In short, devs are an increasingly valuable — and vulnerable — attack surface.
Fallbacks, Obfuscation, and AI-Generated Malware
The attackers aren’t relying on just one method either. If the initial payload doesn’t download correctly, the task file falls back to spell check dictionaries that are actually droppers.
In more advanced cases, the malware uses multi-stage delivery:
- Initial backdoor using Node.js
- Secondary payloads for keylogging, clipboard hijacking, and browser credential theft
- Python-based modules for persistence and crypto mining via XMRig
- Remote access tools like AnyDesk
Some of the JavaScript even shows signs of being generated by AI tooling — likely to help speed up development, avoid detection, or randomise behaviour.

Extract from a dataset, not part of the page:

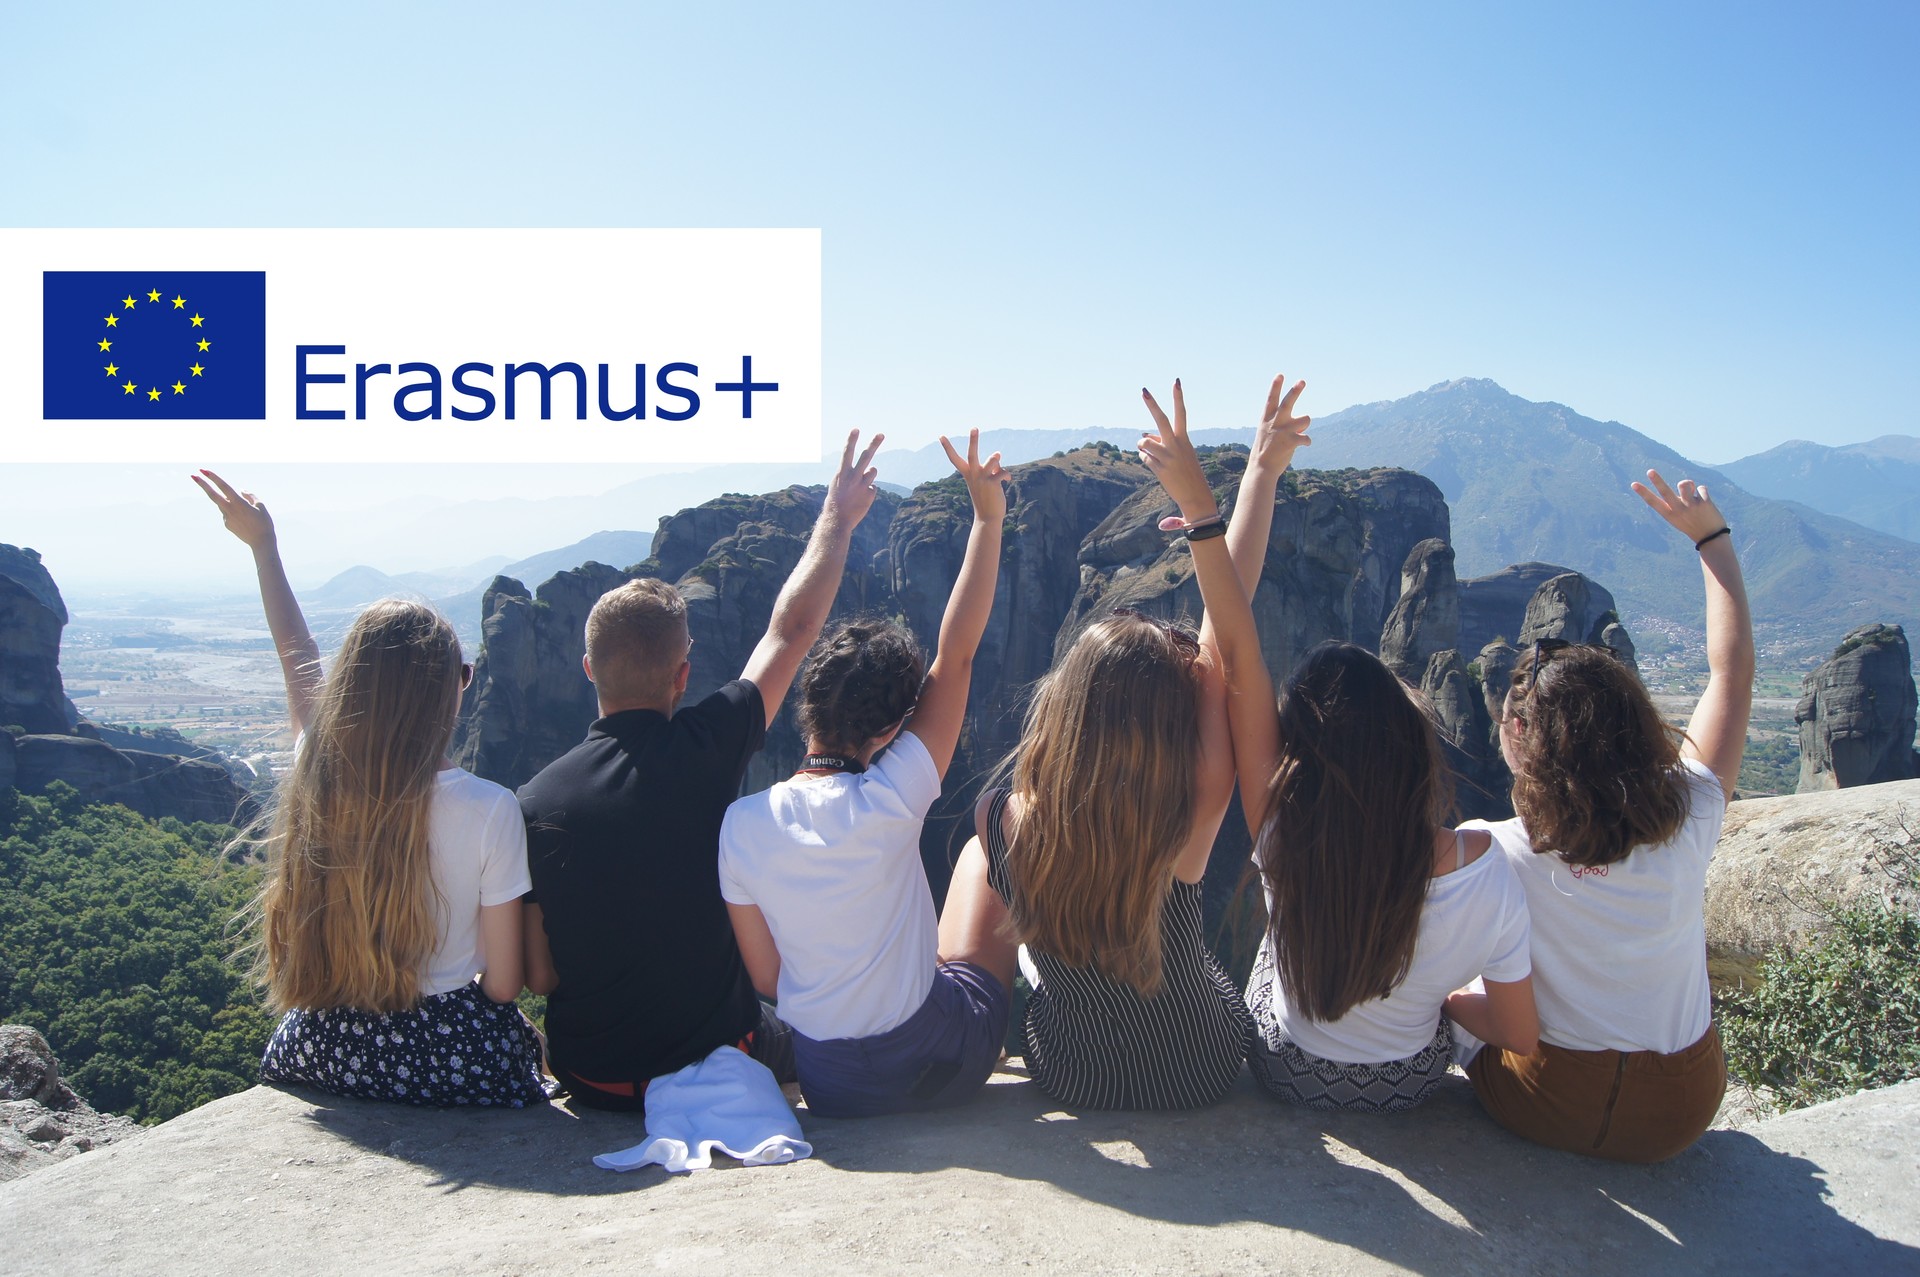 Na zdjęciu grupa osób na na tle górzystego terenu oraz logo Erasmus+

Social Engineering Still Works — Just in New Ways
Notably, in at least one case, the attackers approached a developer on LinkedIn pretending to be a CTO for a blockchain startup. They shared a link to a Bitbucket repo hosted in a Notion document — again, all looking clean and professional.

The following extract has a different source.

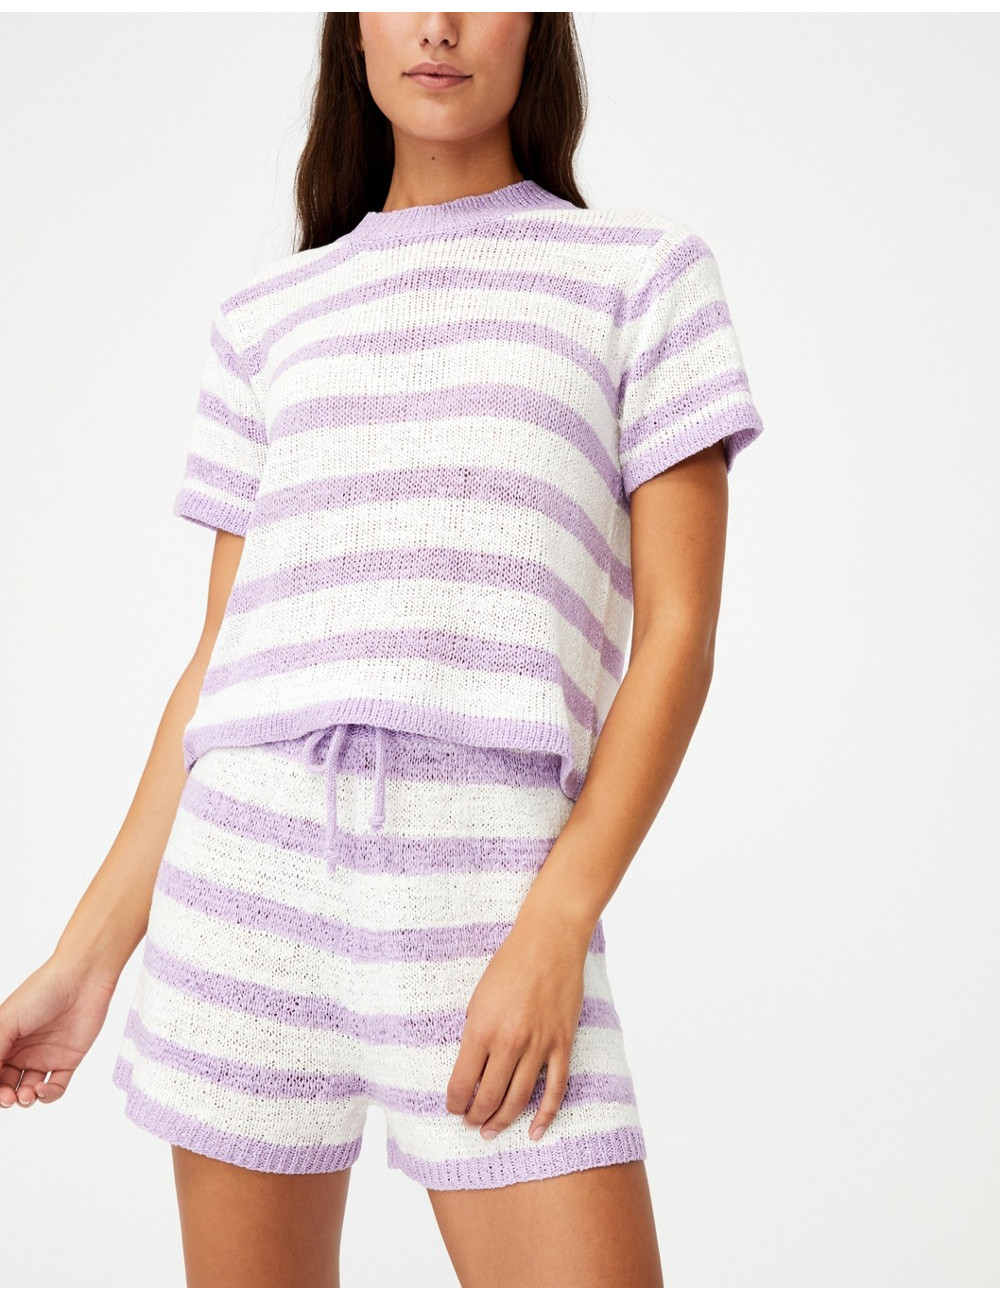 Cotton:On co-ord pyjama...

This isn’t spearphishing in the traditional sense — it’s spearcloning. Clean repo. Real-looking code. Familiar developer tools. The attack happens inside the IDE.
It’s clever. And it’s dangerous.
What Aussie Tech Leaders Should Actually Care About
This isn’t just a developer problem. It’s a supply chain issue and a workforce security blind spot. If your teams include engineers, devops, or contractors who use Git-based workflows and VS Code this affects you.
Key takeaways:
- Trust Prompts Aren’t Security Controls
Most devs click "Trust" in VS Code by default. They’re conditioned to. Don’t assume they’re scrutinising every project they open. - VS Code Is a Legitimate Execution Vector
This isn’t an exploit it’s a feature being abused. That makes detection harder and response slower. - Your Dev Environments Are Now a Target
That nice clean MacBook Pro your blockchain engineer uses? It’s probably more exposed than your Windows fleet and more valuable if popped. - Recruitment-Based Attacks Are on the Rise
Threat actors are mimicking hiring processes. That “technical assessment” could be malware. Your HR and security teams should be aware of this vector. - Detection Will Lag
Standard EDR and AV won’t flag a trusted IDE executing a repo’s config file especially when the payload is hosted on a legit domain like Vercel.
What to Do About It
Let’s keep it practical:
- Educate your dev teams
Make sure developers know that opening random GitHub projects in VS Code isn’t risk-free. Bake security awareness into onboarding not just for corporate systems, but for coding practices. - Review Git-based workflows
If you're running private Git servers or using public repos for assessments, revisit your hygiene. Disable auto-execution of tasks where possible. - Instrument your environments
Can you monitor unexpected Node.js or Python activity on developer machines? Probably not today but you should. - Threat model for dev tools
Stop assuming the IDE is sacred. It’s just another process that can be hijacked. Include it in your attack simulations and red teaming.
Final Word
North Korean actors aren’t just after government secrets or nuclear IP anymore. They're targeting software engineers with access to money, code, and infrastructure. And they’re doing it through platforms we trust every day GitHub, VS Code, LinkedIn.
If you’re in cybersecurity, IT leadership, or managing dev teams this isn’t a story to file away under “interesting.” This is a story that belongs in your next team briefing.
Because if you’re still treating developer tools as safe by default, you’re already behind.